Heating the mix is also something I recall.
Probly antifeeze would do the same thing..but not the AF with UV dye for leak detection, that'd glow in a black light room, and if Bullwinkle on a glowing plaque don't mess up yer head, I don't know what would.
Spheramid Enterprises Architectural Woodworks
Damm, I miss that stuff
IIRC PEG is mixed with H20 for the dunk. ? please elaborate , what ratios ?
I'd say 50/50 like in a car's system? Just a guess.
Spheramid Enterprises Architectural Woodworks
Damm, I miss that stuff
Okay . I have the cart ahead of the horse here as I have them cut and I should have thought about all of this earlier. Oh well.
get em in a bag of sawdust now, you can slow the checking.
Spheramid Enterprises Architectural Woodworks
Damm, I miss that stuff
The only time i tried this PEG procedure the bark fell off the 'cookies', so you might have to tack it back on with brads. The oblique slabs won't necessarily split like a cross-cut cookie will, and you might be able to live with some cracking for your application. The plastic bag trick may be all you need, and it's a lot less trouble, although it can take a few weeks, depending on thickness of your slabs.

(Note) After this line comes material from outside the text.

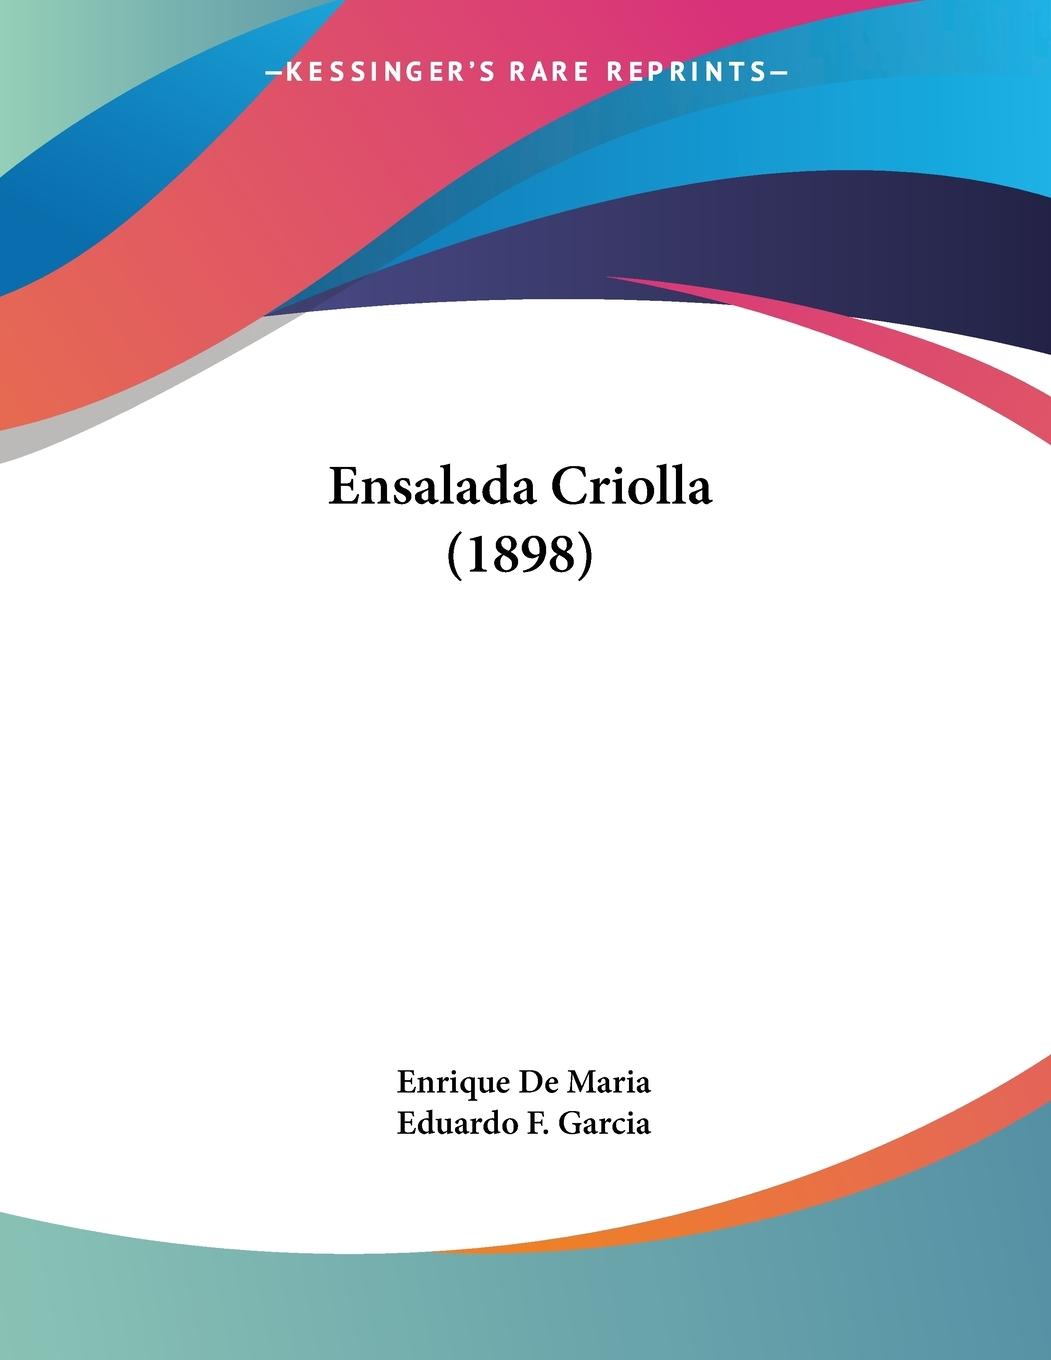 Ensalada Criolla (1898) - De Maria, Enrique Garcia, Eduardo F.

You are somewhat limited re finishing materials when you use PEG. Here is a link to some stuff from Rockler, which they say is non-toxic. If you use automotive anti-freeze, it is extremely toxic to animals, causing liver failure in days, so be very careful of it, as they love the sweet taste. On that PEG link, look under the photo at the technical data link and click it (it's a pdf file) for a wealth of information on how to treat, sand, finish your wood.
Edited 4/27/2006 11:00 pm ET by splintergroupie
Thanks for getting me offa the hotplate there...I uz just going from old past life memories(G).
Spheramid Enterprises Architectural Woodworks
Damm, I miss that stuff
I did a search on the subject of PEG conditioning of green wood and you are both correct. I am concerned about the bark falling off however . . . . Hmmmm. I hav it stored right now , stacked on one another just as it came from the tree. I would think that would slow down the drying quite a bit.